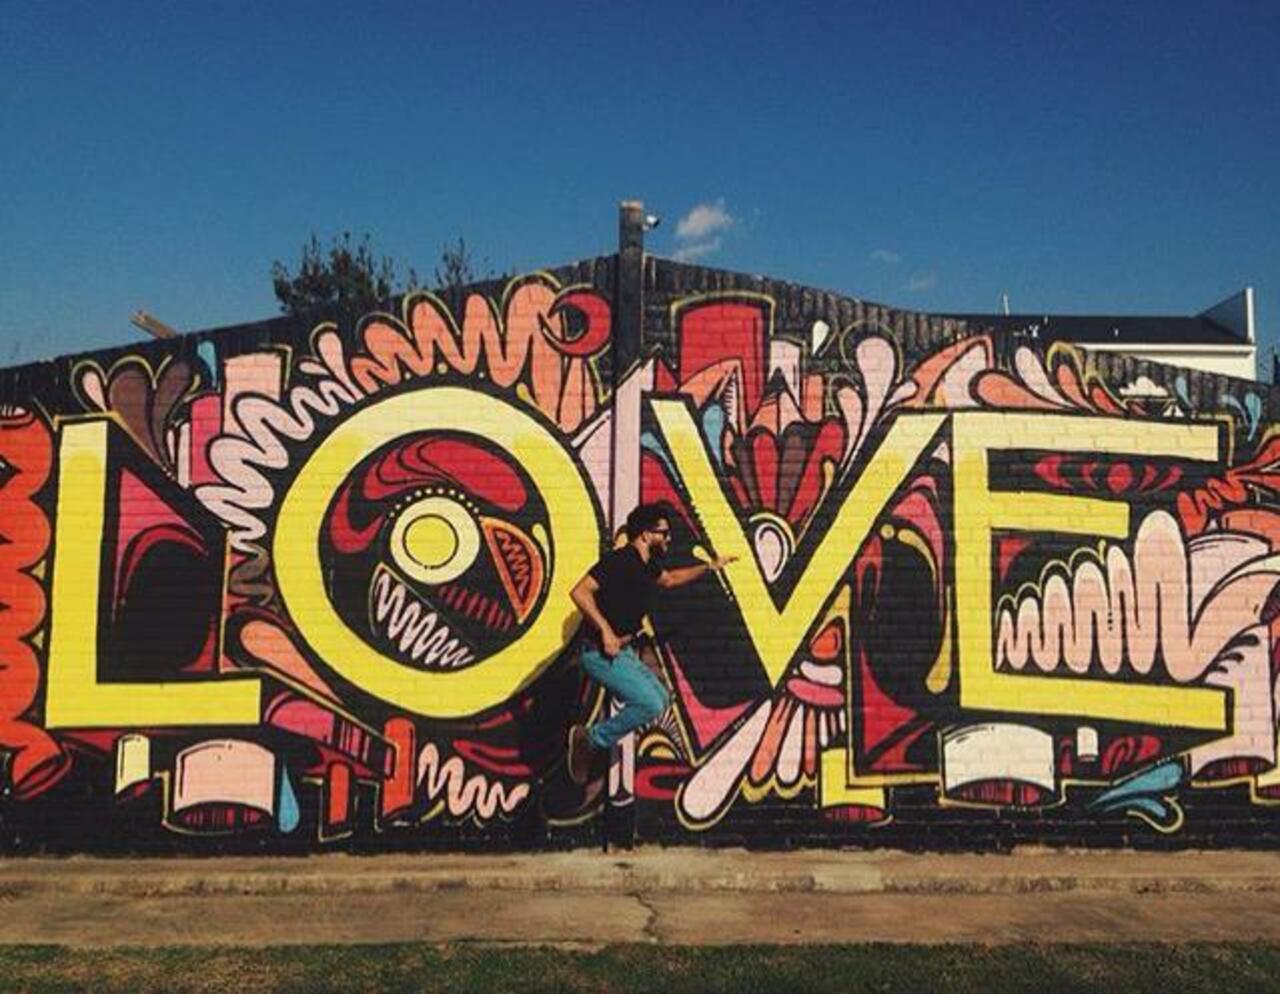 Love ❤️
Street Art by WileyArt

#art #graffiti #mural #streetart http://t.co/pgCXfOTxQf googlestreetart chinatoniq

☆ ☆ ☆ ☆ ☆ ☆ ☆

▶ _INSTRUCTIONS TO FOLLOW_:
Once the pictures are set aside, please output all the data word for word.

▶ _EXPECTED OUTPUT_:
 Love ❤️
Street Art by WileyArt

#art #graffiti #mural #streetart http://t.co/pgCXfOTxQf googlestreetart chinatoniq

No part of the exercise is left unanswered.